There is another use case surrounding PythonVirtualenvOperator, however—people wanting more control over the environment used to run Python code. Maybe there are some dependencies that can’t be covered by Python packaging, or require special configuration of the environment. Or maybe the user is simply migrating from an existing cron setup and want to reuse the environments first to avoid re-writing everything all at once. Currently people would need to “drop down” to BashOperator to achieve this, and while that definitely works, kind of “wastes” the knowledge the operator is running Python, and prevents nice things we can do with that knowledge.

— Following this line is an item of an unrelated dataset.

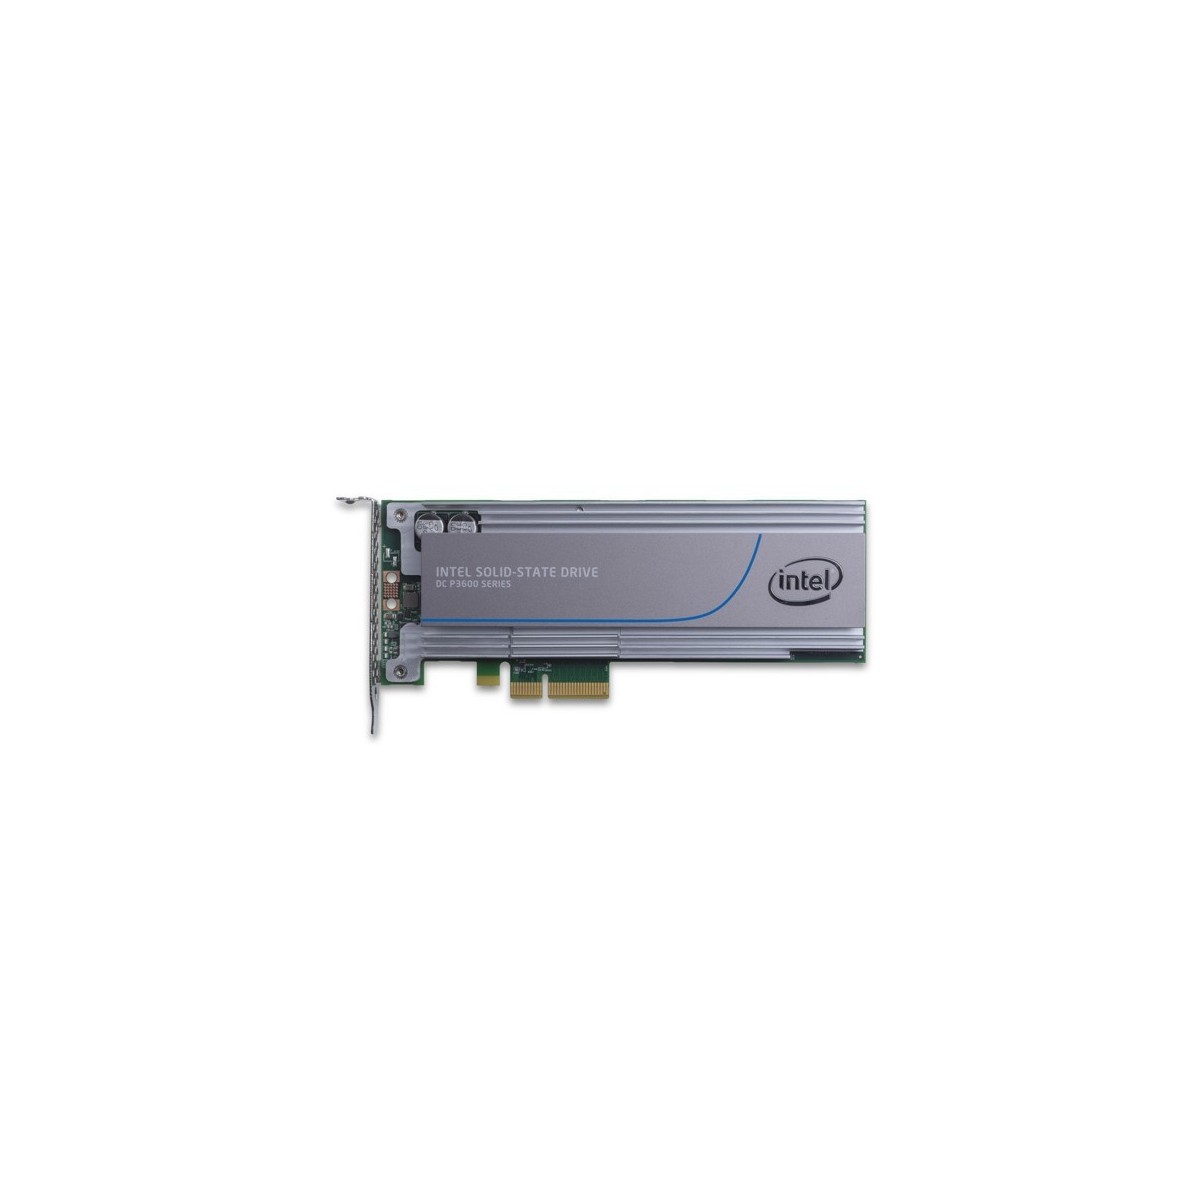 Intel Solid-State Drive DC P3600 Series NVMe 2,000 GB - Solid State Disk - Internal
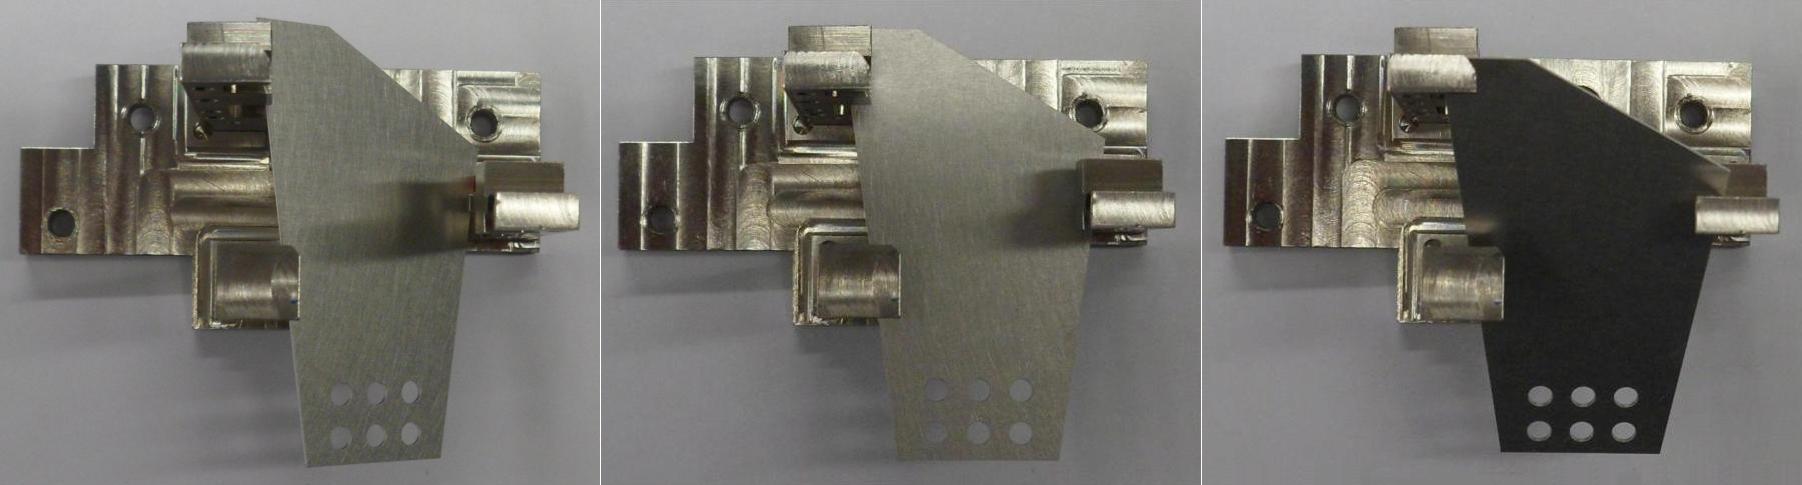 Tilted sample mount with sample plates mounted at (left) 30° yaw, (centre) flat and (right) 30° pitch orientations.

I think two solutions are needed for the two problems. The first is probably more intuitive to design; we can add caching options to PythonVirtualenvOperator to make Airflow cache and reuse the environment (or a subset of it); we can steal some ideas from CI designs for this. The other is less straightforward; my current idea is to introduce a ExternalPythonOperator (please recommend better names) that, instead of taking a requirement to create a virtual environment from, simply takes a path to a Python executable to run the Python callable with. The behaviour would otherwise be very similar to PythonVirtualenvOperator, including all the code generation and pickling caveats. This would be much easier to implement than the caching one (which, also mentioned above, requires tricky considerations with parallelism). So I’ll probably start with it and see what I can do.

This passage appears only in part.